We go downstairs, to talk in the living room. She brings tea, and we sit on opposite sides of the low walnut table. Her bearing is diplomatic. The depth of the air above and around us impresses itself upon me; our bodies are small objects, in a medium of perfect transparency.
“Some of my neighbours are better disposed towards me nowadays,” she tells me. “I am the local lady of sorrows.” The quick smile of irony is reminiscent of her daughter’s. She lifts her teacup, on its saucer; she takes a sip, and replaces it, soundlessly. Her calves, demurely slanted, side by side, form an exemplary shape. “Most people are sympathetic. Nearly all,” she decides, having scanned a mental register of her acquaintances and found among them an exception or two. The vicar is not a friend, she tells me. “He admires me, in a way. I have suffered, and that is commendable in itself. But he cannot approve.” No matter what the judge and jury may have thought, the vicar sees sin. “In his eyes, I am a criminal. A suicide takes from God a power that is rightfully his. So the vicar would rather not talk to me.” The women tend to pity her. Some have pitied her for a long time, she says, because she is a widow, and because her daughter was problematic. “But their daughters are so dull,” her mother sighs. “Imogen was not dull. She did things that I wish she had not done, and I’m sure you feel the same way,” she says, “but she was never dull.” I agree; a rueful smile is called for, and suffices; we are the ones who knew Imogen, her look says; words are superfluous.

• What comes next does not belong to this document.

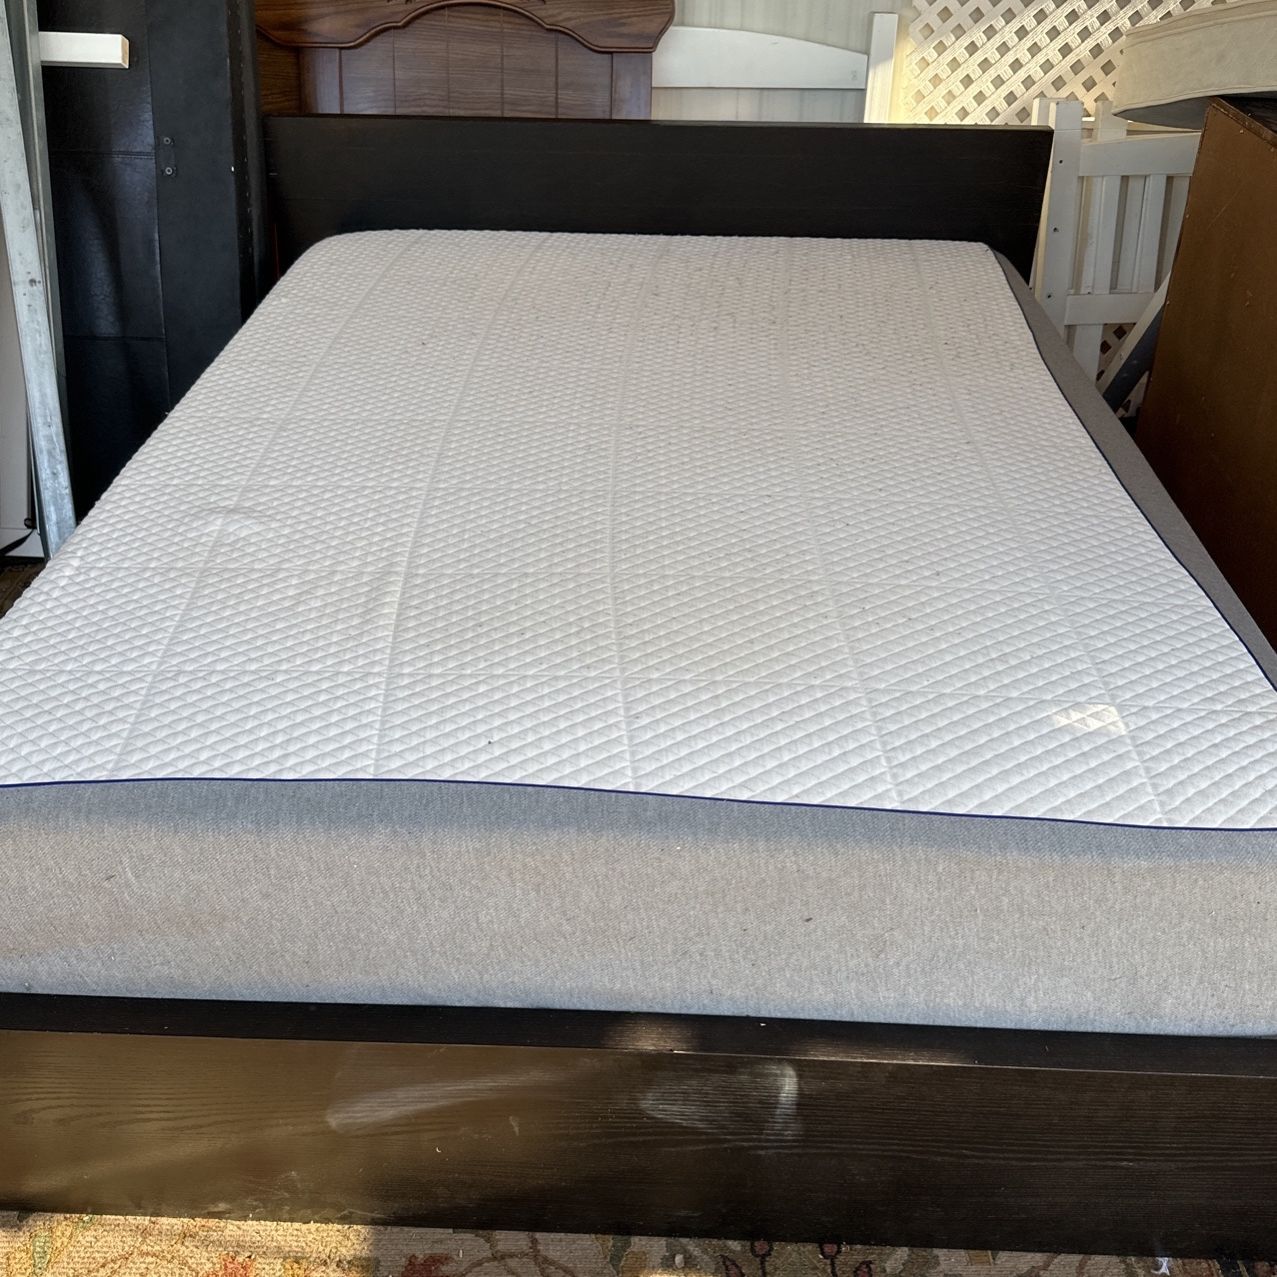 IKEA, MALM queen size bed with nectar, memory foam mattress

She receives invitations quite regularly, albeit not as many as when her husband was alive. “People warmed to him more than to me,” she informs me. “He was the warm one and I was the cold, or the cool. That is how we were seen. My manner does not encourage people to approach. I am aware of that. It’s how I am made,” she says, as though discussing an object of unusual and mildly intriguing design. She finds a way to decline most of the invitations, “which is best for all concerned.” Small talk and gossip have never interested her. “I am like Immy in that respect, at least,” she says. Everyone knows that on the whole she prefers her own company, now more than ever. “I read a great deal,” she tells me. “Crime novels, mostly. I am not an intellectual person. I watch a great deal of television. Too much. And I interfere with the garden. But I tire easily. Which is to be expected at my age. But since Imogen died, I tire more easily.”